By Brennan Atkins, Editorial Staff
By Noah Barnes, Editorial Staff
“Parasite” deserves all the recognition it got.
We don’t always agree with the Oscar nominations and winners, over the last couple of years, we’ve actually been somewhat disappointed by their decisions.
Whether it’s a film that never got nominated we feel as if should’ve gotten recognition, such as “Waves” by Trey Edward Shults, or a film we feel as if shouldn’t have won, such as “Bohemian Rhapsody” winning Best Editing, sometimes the Oscars leaves us wanting more.
However, one thing that we will never do is crawl to Twitter to vehemently attack other people’s opinions – If you enjoy a film, you should be allowed to do so openly without people belittling your views.
Unfortunately, This seems to be the case all over Twitter and Youtube when it comes to Bong Joon Ho’s “Parasite,” which got the Oscars’ for Best Foreign Language film, Best Original Screenplay, and the main topic of debate – Best Picture.
Parasite is an excellent film – We are aware that if the movie didn’t get as much attention with American audiences as it did, the Academy would have likely ignored it for Best Picture. But the proof is in the pudding, and it did extremely well in the American box office for a foreign film, grossing at $35 million.
Boon Jong Ho got recognized at the Cannes International Film Festival with the Palme d’Or, a Golden Globe for Best Foreign Language film, and won best international independent film at the British independent film awards. It’s even getting added to the Criterion Collection, which for many directors, is a dream come true.
So then why is Bong Joon Ho facing so much resistance for winning Best Picture at the Oscars.
Similar to how they ruin anything they touch, one huge problem emerging from Twitter are blatant racists. If you don’t want to read, sure, but it crosses the line of criticism when you legitimately say it’s less of a film if it’s in a different language.
One viral tweet via @Millerstream writes “A man named Bong Joon Ho wins #Oscar for best original screenplay over Once Upon a Time in Hollywood and 1917. Acceptance speech was: ‘GREAT HONOR. THANK YOU.’ Then he proceeds to give the rest of his speech in Korean.
These people are the destruction of America.”
While he continued to backpedal after making that tweet, it created an outlet for many other racist comments to be circulated through the web via comments. We genuinely don’t understand why these people even watch the Oscars, as film is becoming more progressive every single day.
Another reason people are unhappy with “Parasite” is the fact that it won both Best Foreign Language film and Best Picture. Some believe that if it’s the best foreign film, it should be immediately disqualified from being nominated for best picture.
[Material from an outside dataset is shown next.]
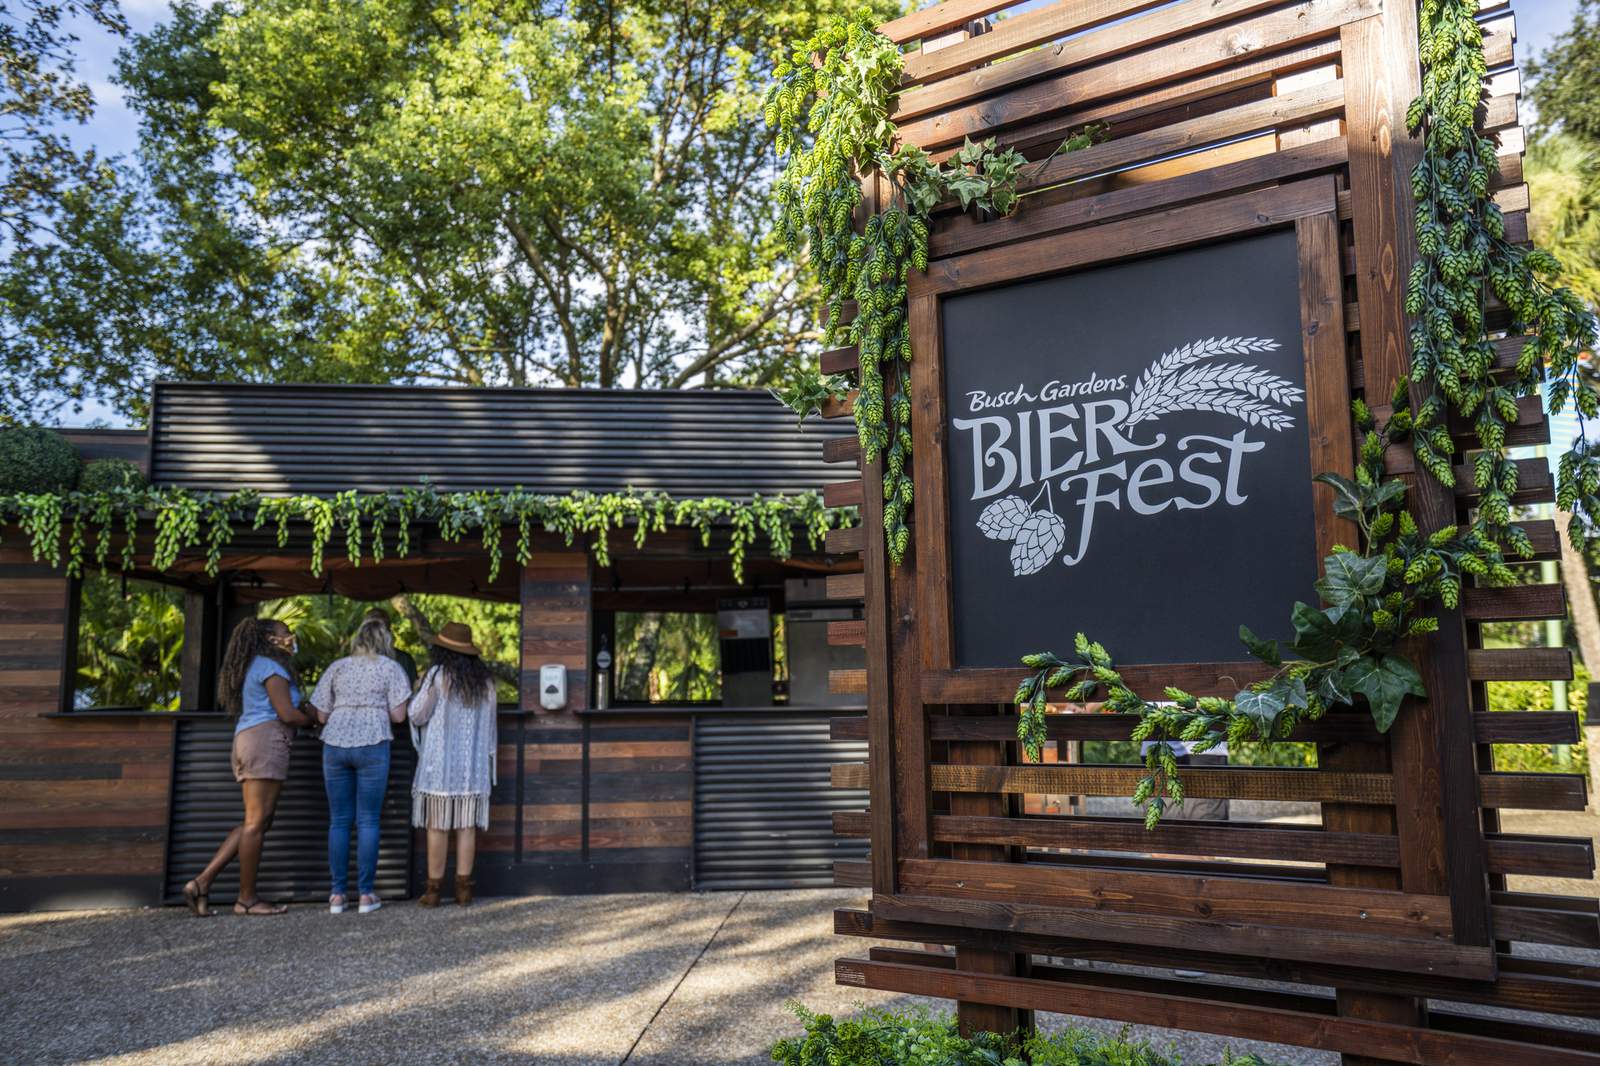 Busch Gardens Tampa Bay announces 2021 Fun Card bonus, seasonal bier fest
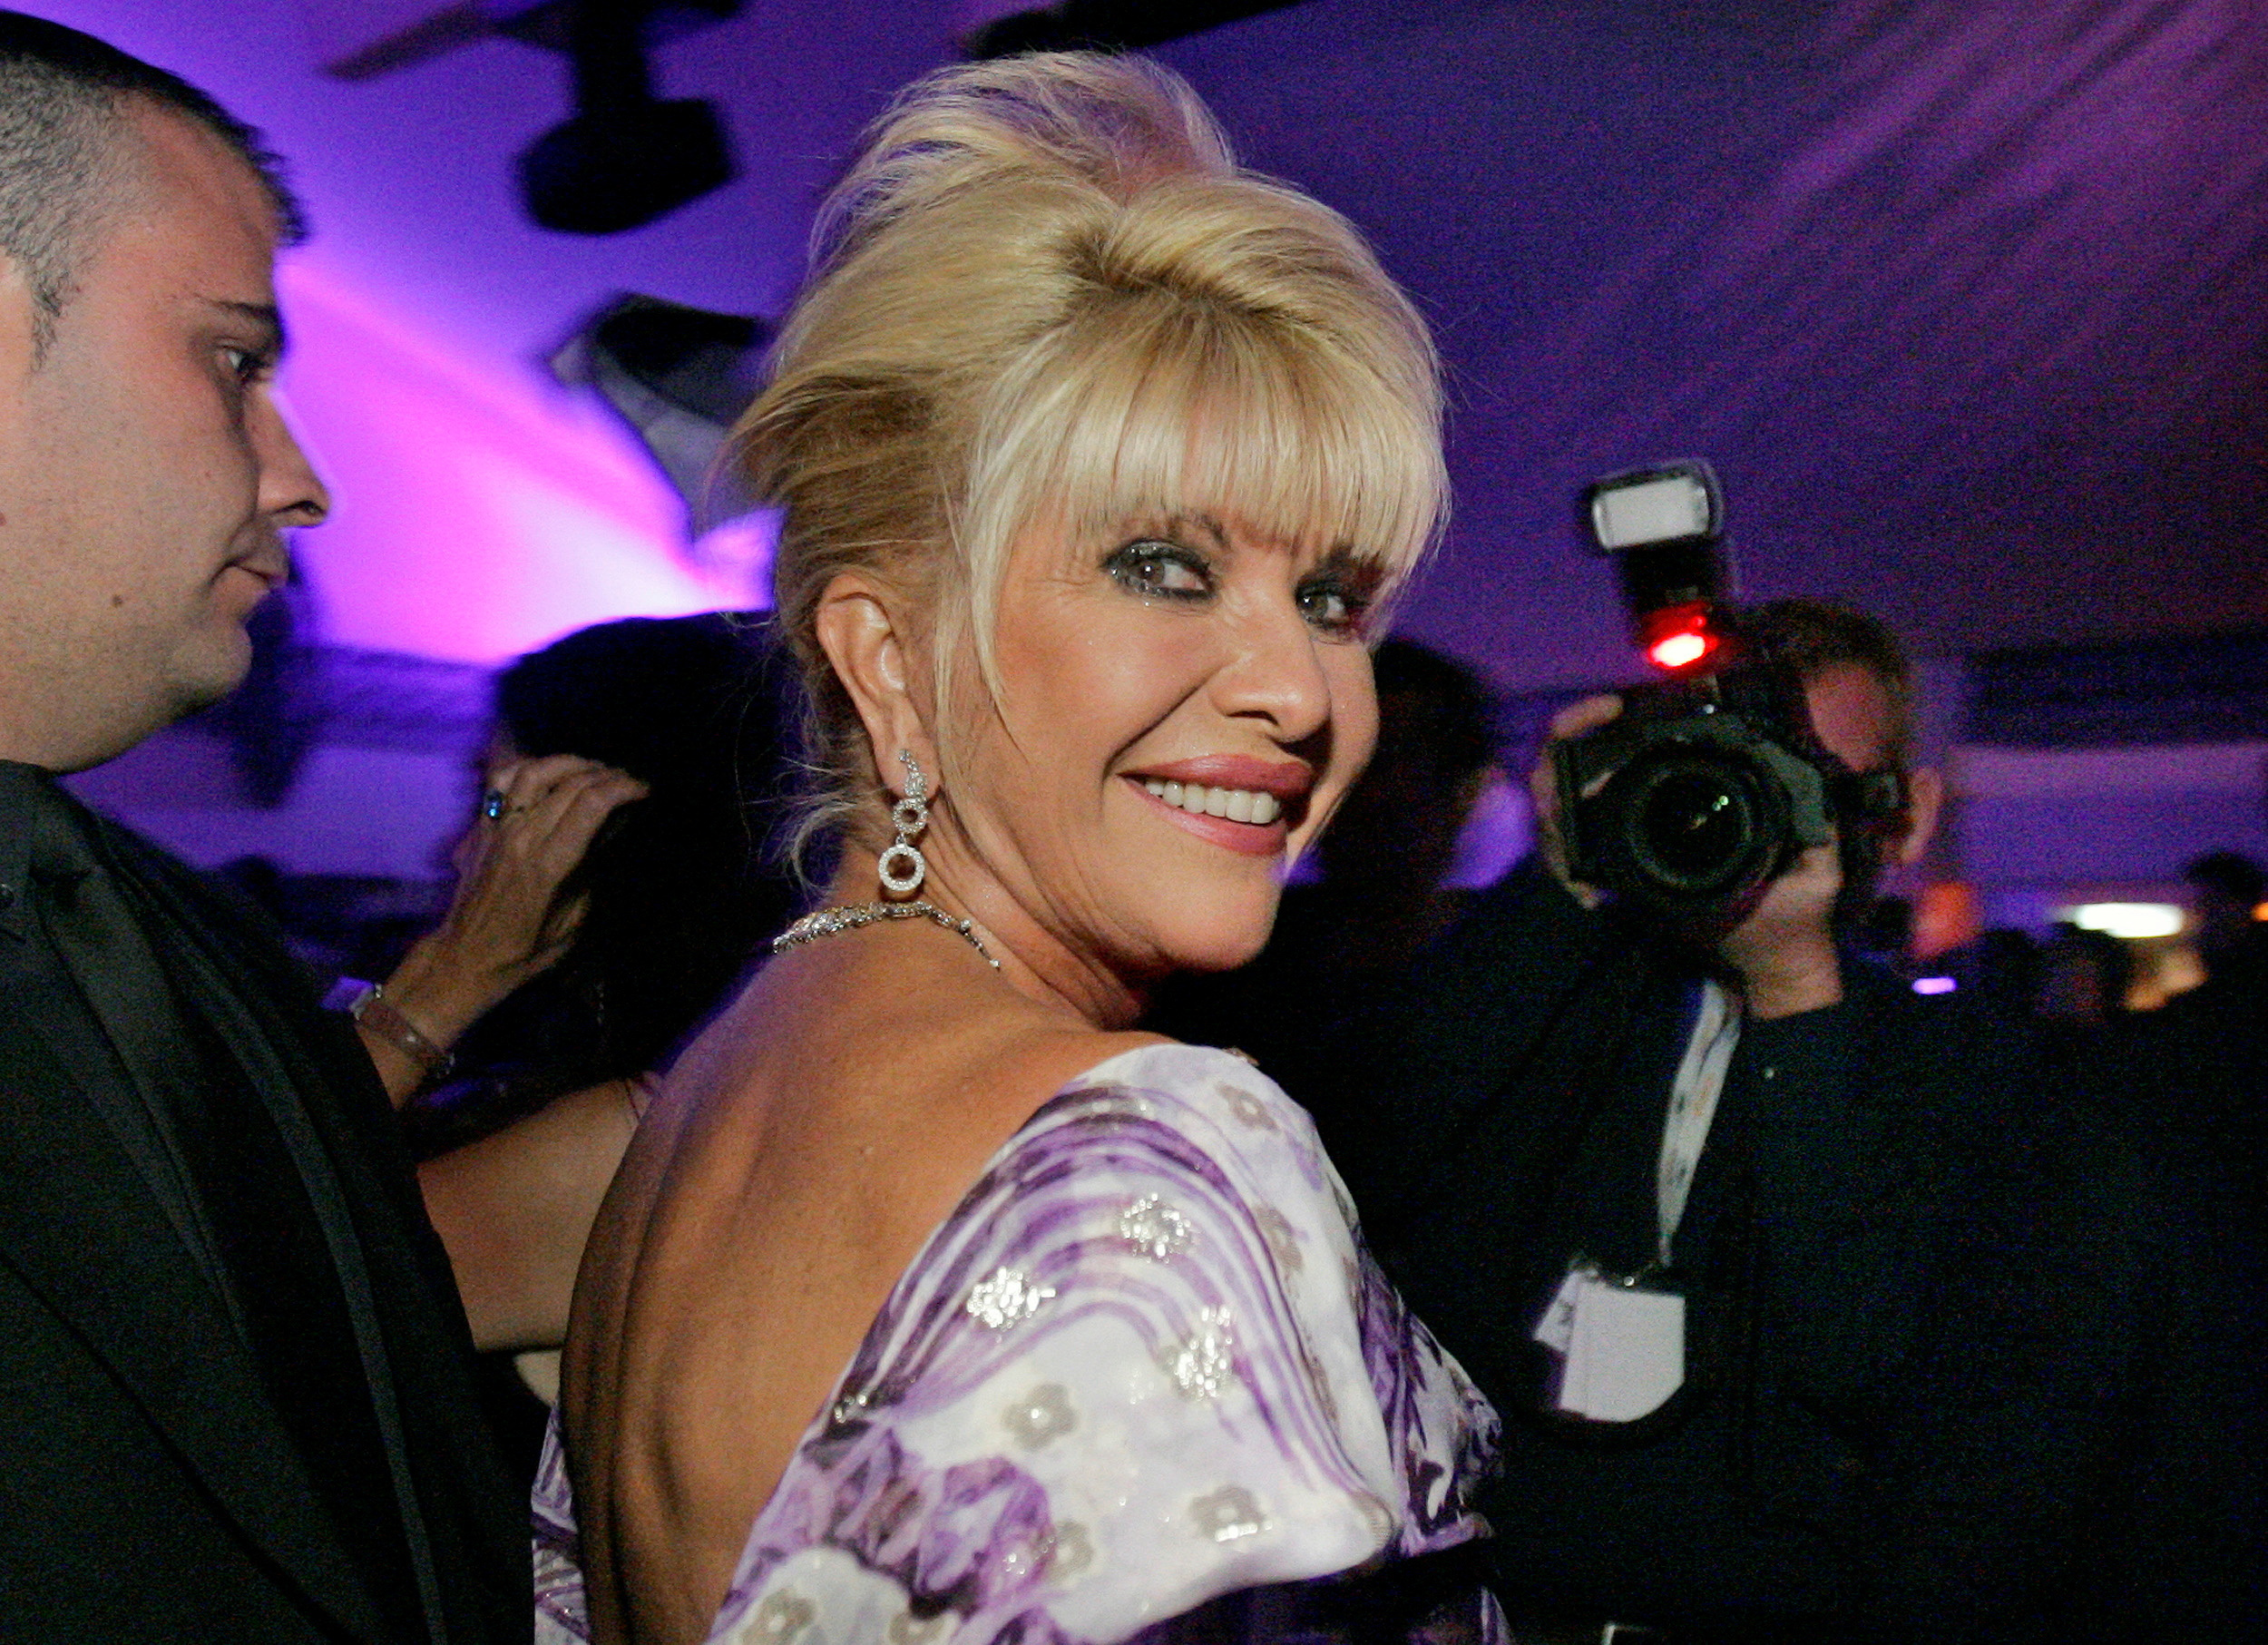 Foto de archivo: Ivana Trump en Cannes el 24 de mayo de 2006 (REUTERS/Mario Anzuoni)

While it’s true that a foreign film has never won Best Picture, this is something that happens almost every year with other categories.
Take Peter Farrelly’s “Green Book” for example, on top of winning Best Picture it also received the Oscars’ for Best Screenplay and Best supporting actor.
Why should some films be restricted to certain accolades while others aren’t?
Film, like many other art forms, can be enjoyed universally. Even without subtitles, one can appreciate certain elements in film such as cinematography, the actors’ physical acting, soundtracks and editing.
If you genuinely didn’t enjoy the writing from Boon Jong Ho, or the acting from Kang-ho Song, or any other element of the film, it’s absolutely fine to be dissapointed with it winning Best Picture. We wanted “The Lighthouse” to be nominated for Best Picture, and were surprised to see it only got nominated for Best Cinematography.
Admittedly, we were a bit upset by this – But we would never verbally attack someone for disagreeing with what we believe. If you like something that we reviewed as not particularly great, that doesn’t mean we think you’re wrong, we simply have different tastes.
Anyways, we couldn’t be happier that “Parasite” won, and it’s temporarily being brought back to theaters if you didn’t catch the chance to watch it.